Items from a data source:

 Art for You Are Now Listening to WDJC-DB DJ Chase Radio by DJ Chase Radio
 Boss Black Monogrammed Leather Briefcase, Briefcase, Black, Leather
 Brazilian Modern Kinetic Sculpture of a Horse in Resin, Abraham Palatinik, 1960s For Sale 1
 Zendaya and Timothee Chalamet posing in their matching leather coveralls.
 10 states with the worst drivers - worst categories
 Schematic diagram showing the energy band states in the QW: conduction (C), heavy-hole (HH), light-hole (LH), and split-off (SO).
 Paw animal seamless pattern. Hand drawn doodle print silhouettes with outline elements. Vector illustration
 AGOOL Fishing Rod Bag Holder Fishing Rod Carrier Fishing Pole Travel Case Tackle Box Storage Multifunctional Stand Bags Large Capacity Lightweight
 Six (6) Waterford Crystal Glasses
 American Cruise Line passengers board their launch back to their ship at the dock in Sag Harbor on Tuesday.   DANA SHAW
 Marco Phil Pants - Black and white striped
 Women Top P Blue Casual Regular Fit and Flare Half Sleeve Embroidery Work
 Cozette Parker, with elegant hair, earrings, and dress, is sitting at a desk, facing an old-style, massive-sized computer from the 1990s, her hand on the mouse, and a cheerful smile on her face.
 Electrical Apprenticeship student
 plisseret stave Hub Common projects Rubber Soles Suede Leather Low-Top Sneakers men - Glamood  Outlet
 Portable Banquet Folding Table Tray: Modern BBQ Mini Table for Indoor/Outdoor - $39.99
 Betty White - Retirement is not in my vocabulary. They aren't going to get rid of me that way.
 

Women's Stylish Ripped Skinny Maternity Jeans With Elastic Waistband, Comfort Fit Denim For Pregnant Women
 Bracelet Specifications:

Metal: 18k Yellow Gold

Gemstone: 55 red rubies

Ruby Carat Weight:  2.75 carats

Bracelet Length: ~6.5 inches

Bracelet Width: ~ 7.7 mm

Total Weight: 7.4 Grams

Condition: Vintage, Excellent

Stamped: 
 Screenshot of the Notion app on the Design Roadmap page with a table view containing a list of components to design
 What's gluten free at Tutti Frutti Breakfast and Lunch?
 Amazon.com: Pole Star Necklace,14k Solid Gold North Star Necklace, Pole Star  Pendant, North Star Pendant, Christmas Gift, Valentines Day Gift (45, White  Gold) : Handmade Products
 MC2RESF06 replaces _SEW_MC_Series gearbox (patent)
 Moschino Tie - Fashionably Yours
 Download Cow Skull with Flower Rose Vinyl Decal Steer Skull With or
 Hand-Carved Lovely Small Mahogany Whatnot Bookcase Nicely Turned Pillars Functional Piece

### [REQUIREMENT]
The reply is a bare number, the count of lines in these entries that hold the word "Bracelet".

### [OUTPUT FOR THIS EXERCISE]
3